The answer lies in the dirt, or as the movie’s tagline states, “The Solution Is Right Under Our Feet.”

At a time when so many existential, even extinction level issues  [climate change] loom and threaten mankind, it is easy to feel helpless and even hopeless. And, yet, in the most unexpected way imaginable, a simple act such as opening up the Netflix app and choosing a documentary could be the first step towards a new way of thought and, indeed, action. 

The new documentary “Kiss The Ground” does not minimize climate change, or downplay the fact that it is persistent and would bring terrible catastrophes looming on the global horizon, it does not fixate on the negatives. Instead, it offers a rare and amazing thing: solutions to solve the problems and rebalance Earth’s ecosystem. And it does so in a direct, simple and amazingly uplifting manner.

Click photo for more on “Kiss the Ground

“Kiss The Ground” emphasizes regenerative soil usage and smart agriculture as the keys to saving the planet. Taking the audience to farms and ecosystems all across the world, the doc illustrates how humans have squandered the Earth’s natural bounty by over-tilling the land and drenching crops in pesticides.

Contrary to popular belief, these conventional farming tactics are not only damaging the environment, but they are also hurting the agricultural economy, leaving crops vulnerable and unsustainable in the event of a disaster. The film explains that these tactics are depleting fertile land, and if we don’t change our methods, the planet will only have sixty more years of harvests left.

Salvation is not beyond reach, though. As aforementioned, the bulk of the documentary is optimistic, and it offers a solution in an unlikely place. Namely, carbon.

[Carbon dioxide] is usually the enemy in [environmental documentaries], as we have far too much of it trapped in our atmosphere and the [fossil fuel industry] pumps it out at alarming rates to our planet’s detriment. Although an excess of carbon in the air could be the planet’s doom, “Kiss The Ground” suggests that increasing carbon in the ground could be a solution.

Through extreme close ups, microscopic images, and a few animations, the documentary shows how healthy soil is rife with living things. These things (worms, bacteria, microbes, etc.) all need carbon to live and play a vital part at the base of the food chain.

Unfortunately, the pesticides and over-tilling actively destroy these organisms, rendering the land naturally defenseless. The movie thus calls for a shift towards using soil with increased organic matter that sucks in and sustains carbon. According to one farmer in the film, every one percent increase in the dirt’s organic matter equals ten tons of carbon per acre. This means cleaner air, healthier ecosystems, and a more sustainable form of agriculture that could combat [global warming].

Many farmers have already endorsed this organic method on macro scales. “Kiss The Ground” even brings audiences to China’s [Loess Plateau], a once luscious place rendered a desert through centuries of depletion. With a rejuvenated focus on land management and organic prioritization in recent decades, however, the Plateau has effectively rebounded.
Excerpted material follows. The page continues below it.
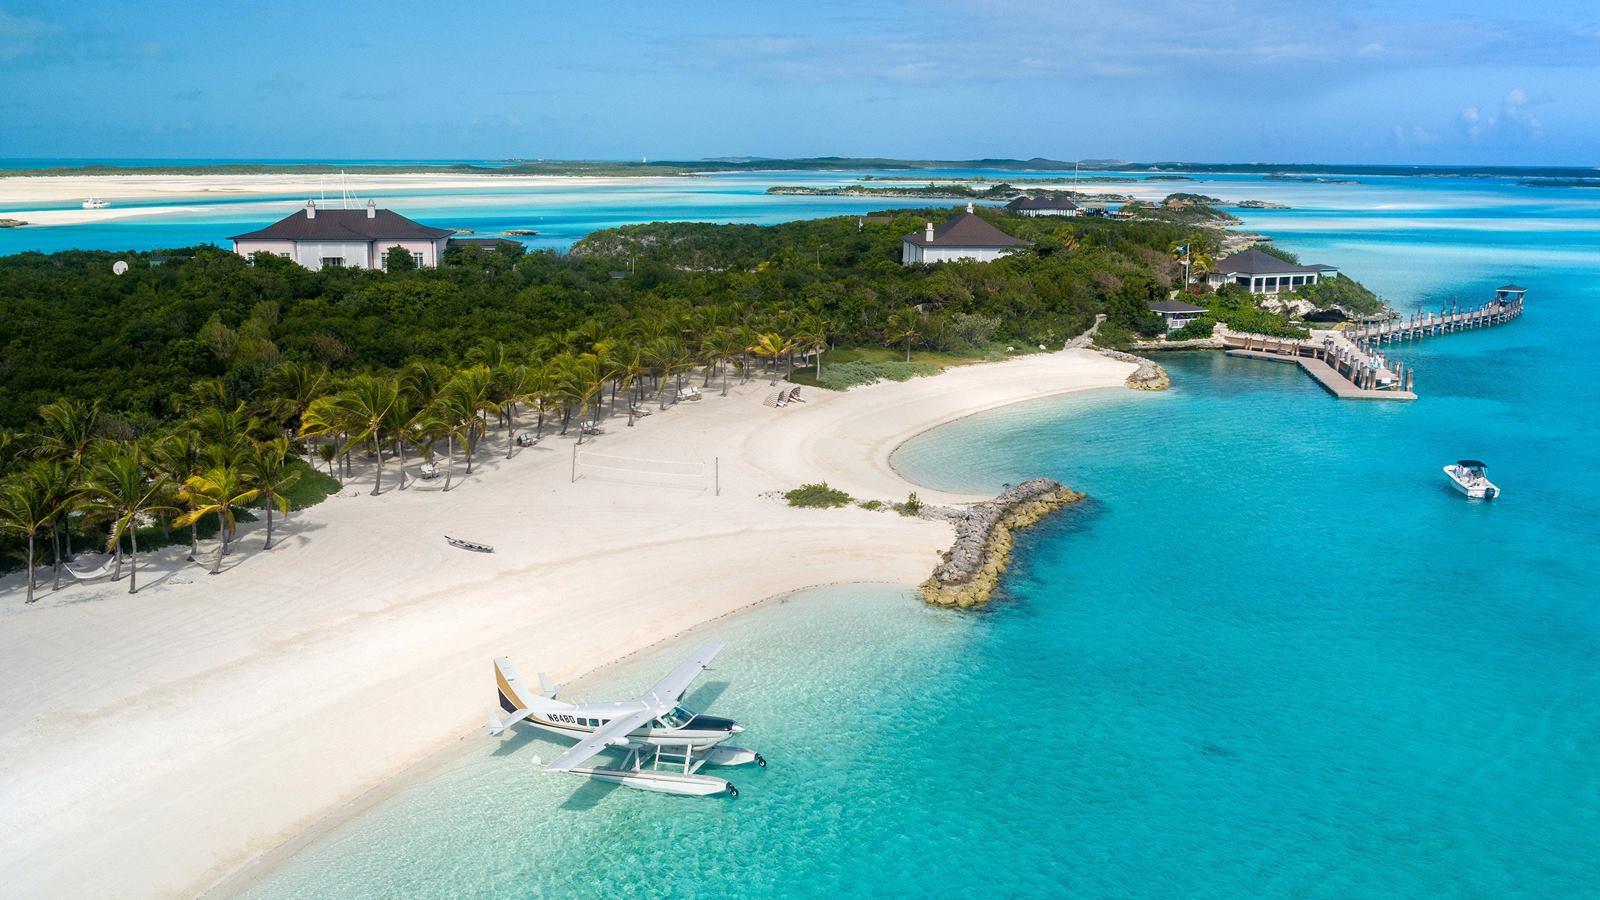 Eiland te koop voor 85.000.000 op de Bahamas 01

Now the brown landscape is once again an Edenic green.

The change does not only have to happen on farms and distant, rural lands, though. The documentary also takes viewers to [San Francisco] and [Haiti] to show how urban hubs are playing their part, stressing the importance of composting and not letting anything go to waste. Seemingly everything—right down to human feces—can be reused and repurposed for a more sustainable world.
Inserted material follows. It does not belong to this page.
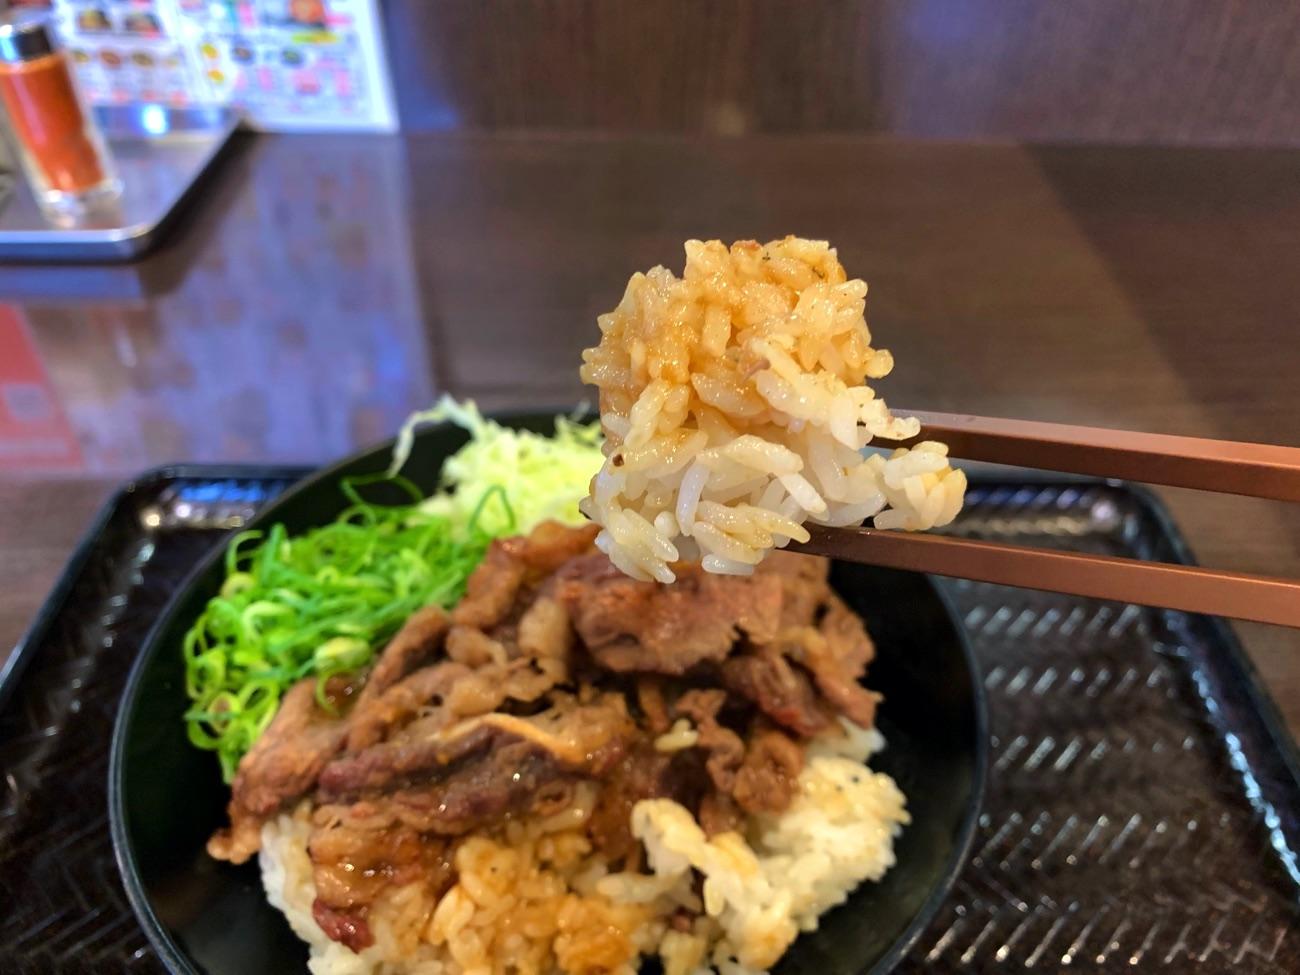 タレと肉汁がしみたご飯も美味しい!

In the end, the people of this film – the farmers, scientists and concerned celebrities, come across almost as walking, talking, living, breathing testimonials for the solutions they are proposing. 

In a world where the future will almost certainly hold either oblivion and human extinction, or, if we join together to create it, an almost Utopian rebirth they are the rare exception and point clearly toward a better way for us to live on this planet. 

Seeing those who made and collaborated on this film and how they live and interact during their quest to save themselves and all of us,  it becomes possible to believe in these solutions, and more importantly in human-kind’s ability to choose the right path for a future. 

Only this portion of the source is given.